Date of Report (Date of earliest event reported): January 31, 2011

Commission File Number: 000-50502

PREMIER ALLIANCE GROUP, INC
(Exact Name of registrant as Specified in Its Charter)

Nevada
20-0443575
(State of other jurisdiction of incorporation or organization)
(I.R.S. Employer Identification No.)
4521 Sharon Road
Suite 300
Charlotte, North Carolina 28211
(Address of principal executive offices)

(704) 521-8077
(Registrant’s telephone number)


Check the appropriate box below if the Form 8-K filing is intended to simultaneously satisfy the filing obligation of the registrant under any of the following provisions (see General Instruction A.2. below):

[ ]  Written communications pursuant to Rule 425 under the Securities Act

[ ]   Soliciting material pursuant to Rule 14a-12 under the Exchange Act

[ ]  Pre-commencement communications pursuant to Rule 14d-2(b) under the Exchange Act

[ ]  Pre-commencement communications pursuant to Rule 13e-4(c) under the Exchange Act




 
 

 


 
Item 5.02Departure of Directors or Certain Officers; Election of Directors; Appointment of Certain Officers; Compensatory Arrangements of Certain Officers.

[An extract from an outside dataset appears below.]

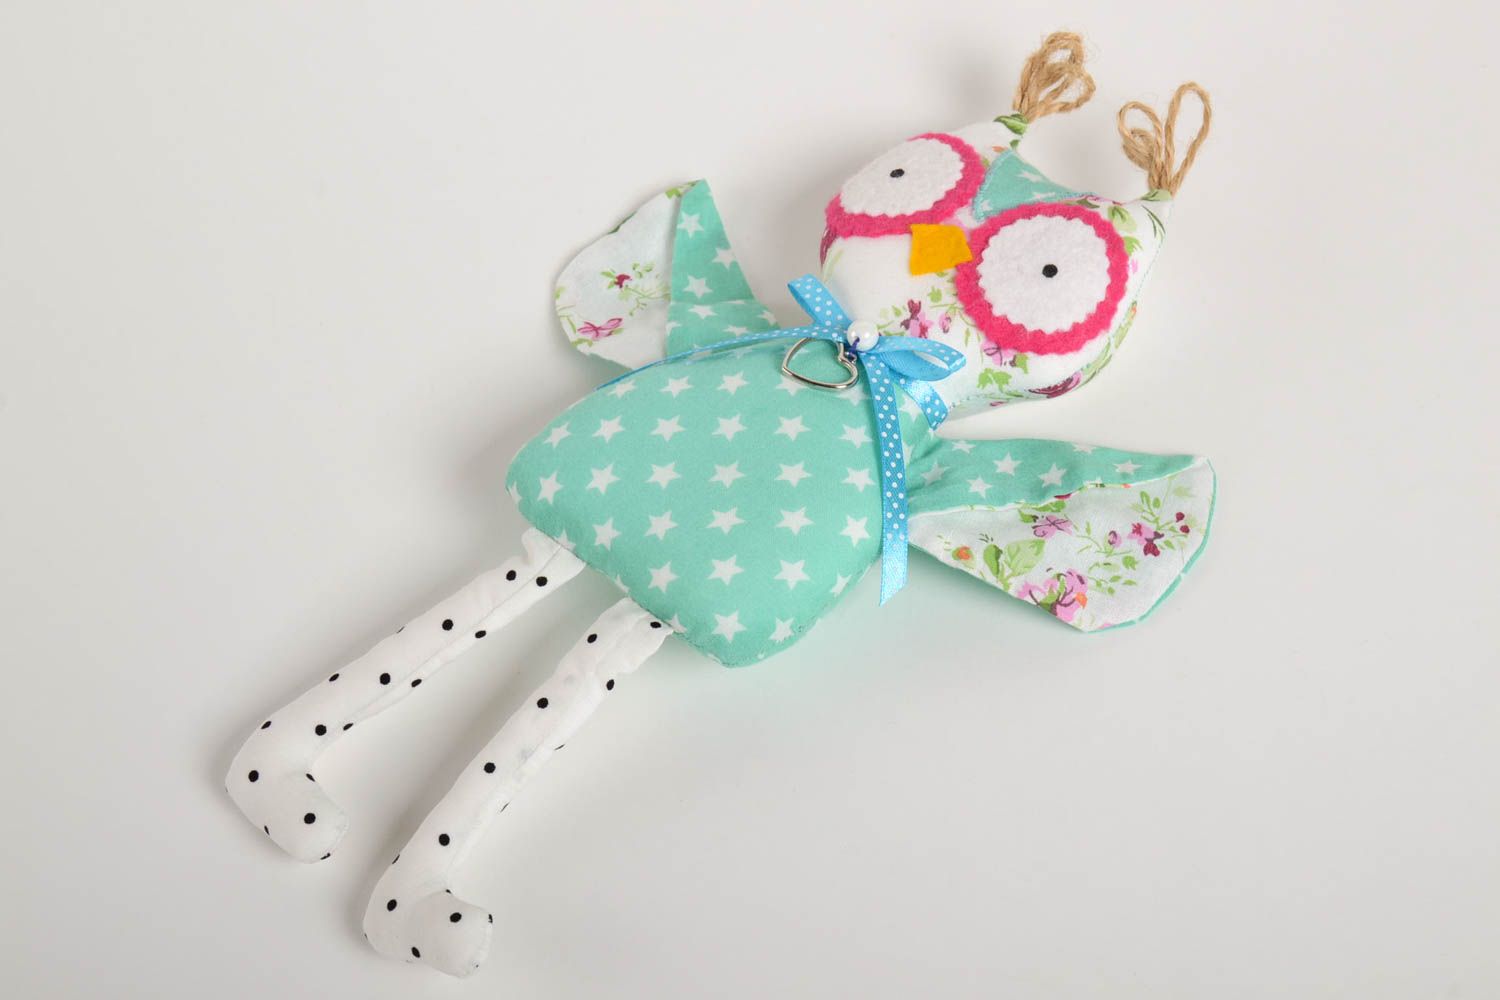 Stylish handmade soft toy rag doll stuffed toy home design decorative use only photo 2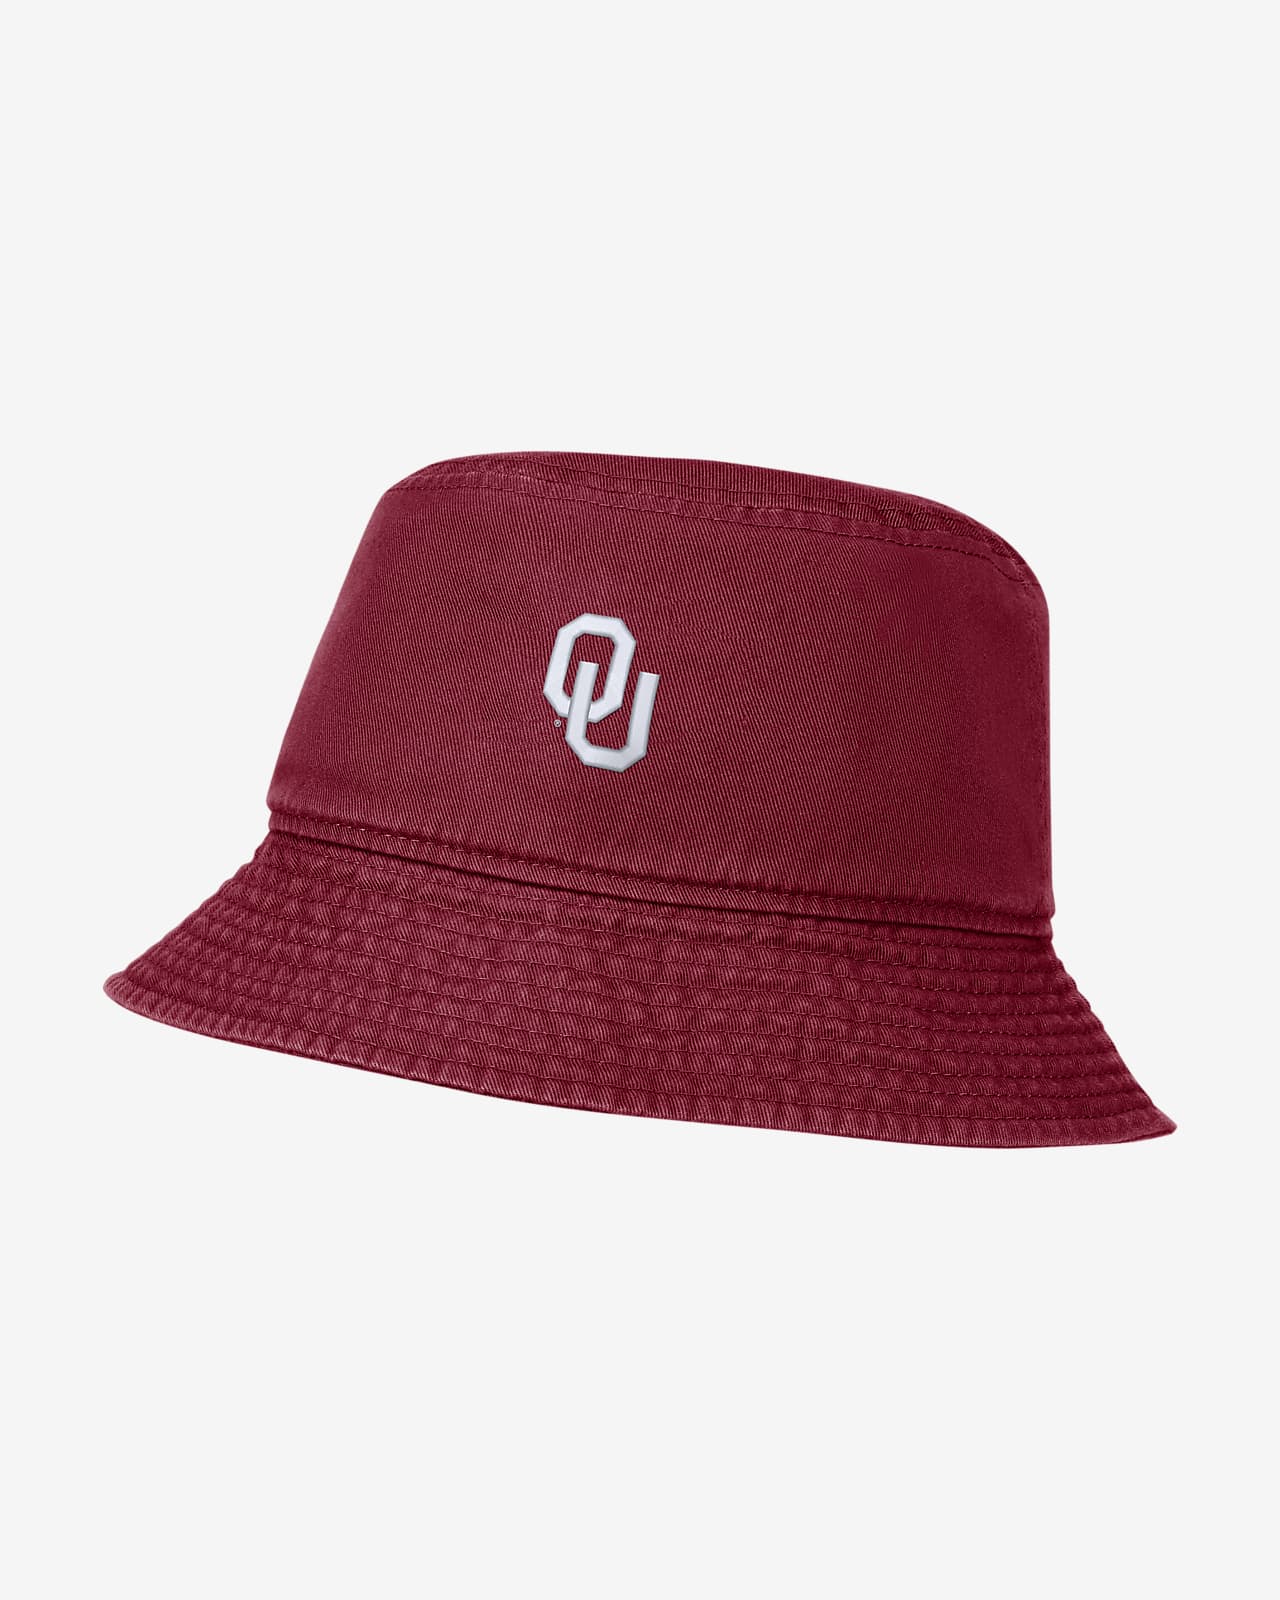 Nike College (Oklahoma) Bucket Hat

On January 31, 2011, the Board of Directors of Premier Alliance Group, Inc. (the “Company”) elected Patrick Kolenik to serve as a director for the Company.  Mr. Kolenik is currently the President of Cyndel and Company, an advisory consulting company, and is a past Chariman and CEO of Sherwood Securities and has extensive experience with public companies.

The Board of Directors appointed Mr. Kolenik to its Audit Committee and Compensation Committee.   The Board has determined that Mr. Kolenik meets the SEC’s qualifications to be an “independent director.”   

Currently the independent board members do not receive compensation for service as a director. There is no arrangement or understanding between Mr. Kolenik and any other persons pursuant to which Mr. Kolenik was selected as a director, and there are no related party transactions involving Mr. Kolenik that are reportable under Item 404(a) of Regulation S-K.

 
 
Item 5.03Amendments to Articles of Incorporation or Bylaws; Change in Fiscal Year 

On January 31, 2011, the Company’s Board of Directors amended and restated its Bylaws (the “Amendment”), effective immediately.  The previous Bylaws were adopted in 2000 by the Company’s prior management.  The Company’s current Board of Directors adopted the Amendment to clarify and update the Bylaws.   Except for reducing the quorum necessary for actions at a meeting of stockholders from one-half to one-third, no material changes were made to the Bylaws.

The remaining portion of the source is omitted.